Chacun des Jardin aurait pu la convoquer
dans son esprit mais, préférant le refuge du flou
à l’horreur de la netteté, nous ne savions pas
comment regarder de face sans suffoquer une
telle débâcle morale. Comme des millions de
familles françaises, anxieuses d’ouvrir les
placards moisis de la collaboration.
Sauf que chez nous, l’affaire était énorme ;
comme souvent chez les Jardin habitués à
l’improbable. Et aux épisodes où l’Histoire
exagère. Cette fois, la vérité sombre était dissimulée sous des kilos de gaieté, des centaines de
pages de littérature chatoyante, un vrac de
souvenirs cocasses, une tornade d’anecdotes.

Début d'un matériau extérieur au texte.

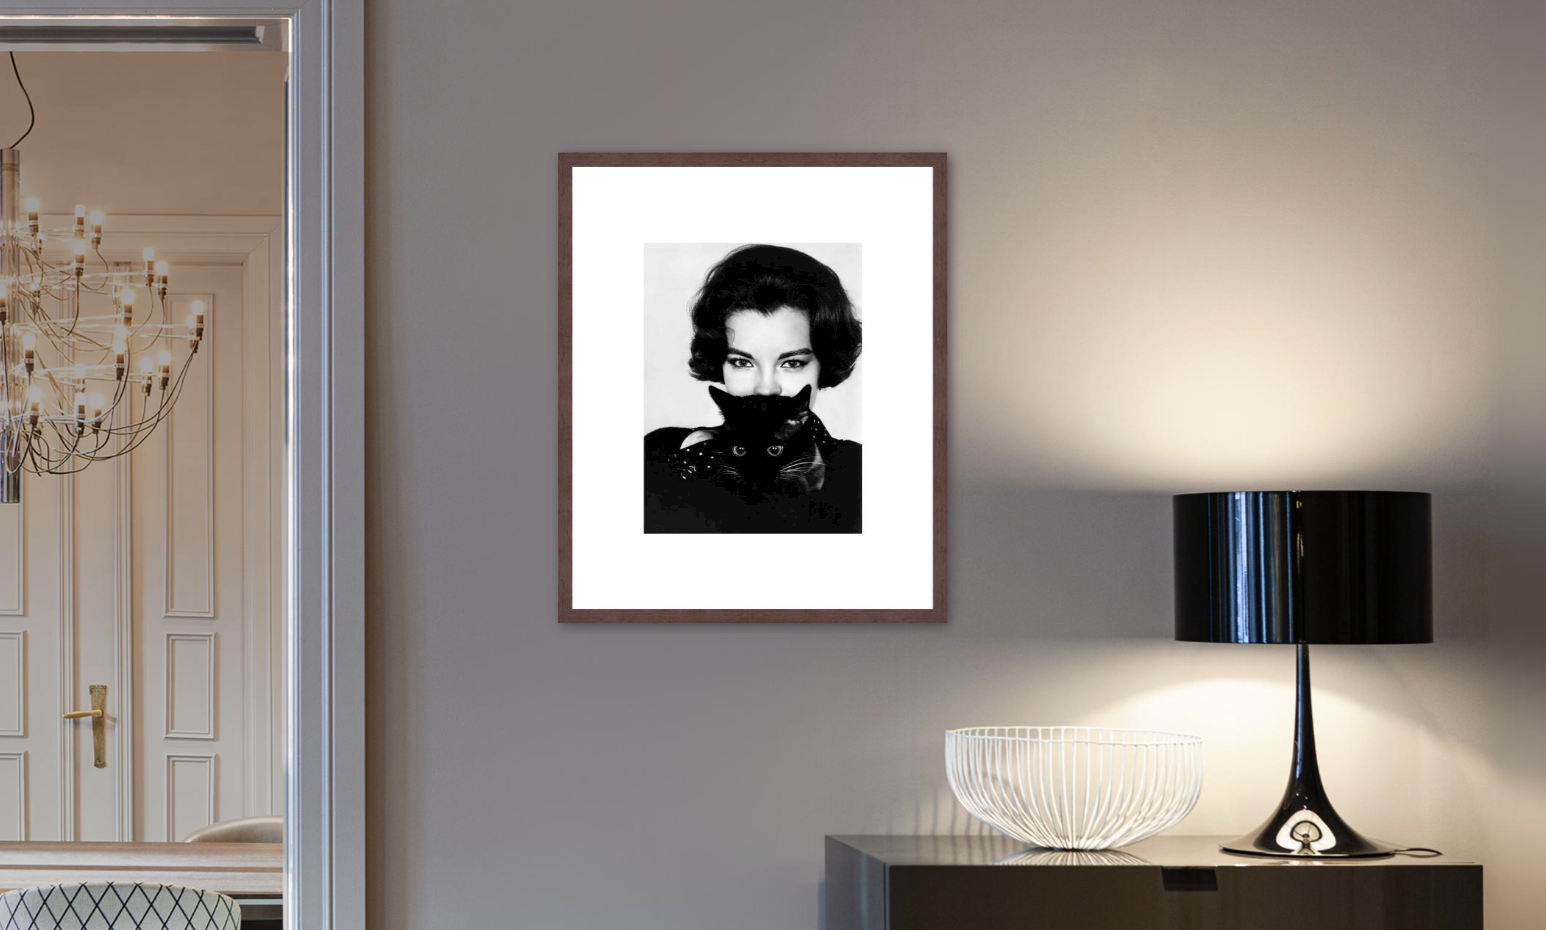 Framed black and white portrait of Audrey Hepburn in a modern living room setup

Moimême, j’y ai contribué en perpétuant la légende
nourricière des Jardin ; farcie de galopades et de
situations enjôleuses. En m’abritant systématiquement derrière un masque de légèreté, un optimisme de façade, une fausse identité frivole. Issu
de la honte, j’ai choisi le rire ; un rire longtemps
forcé.
Pour faire oublier ma double vie, plus mélancolique.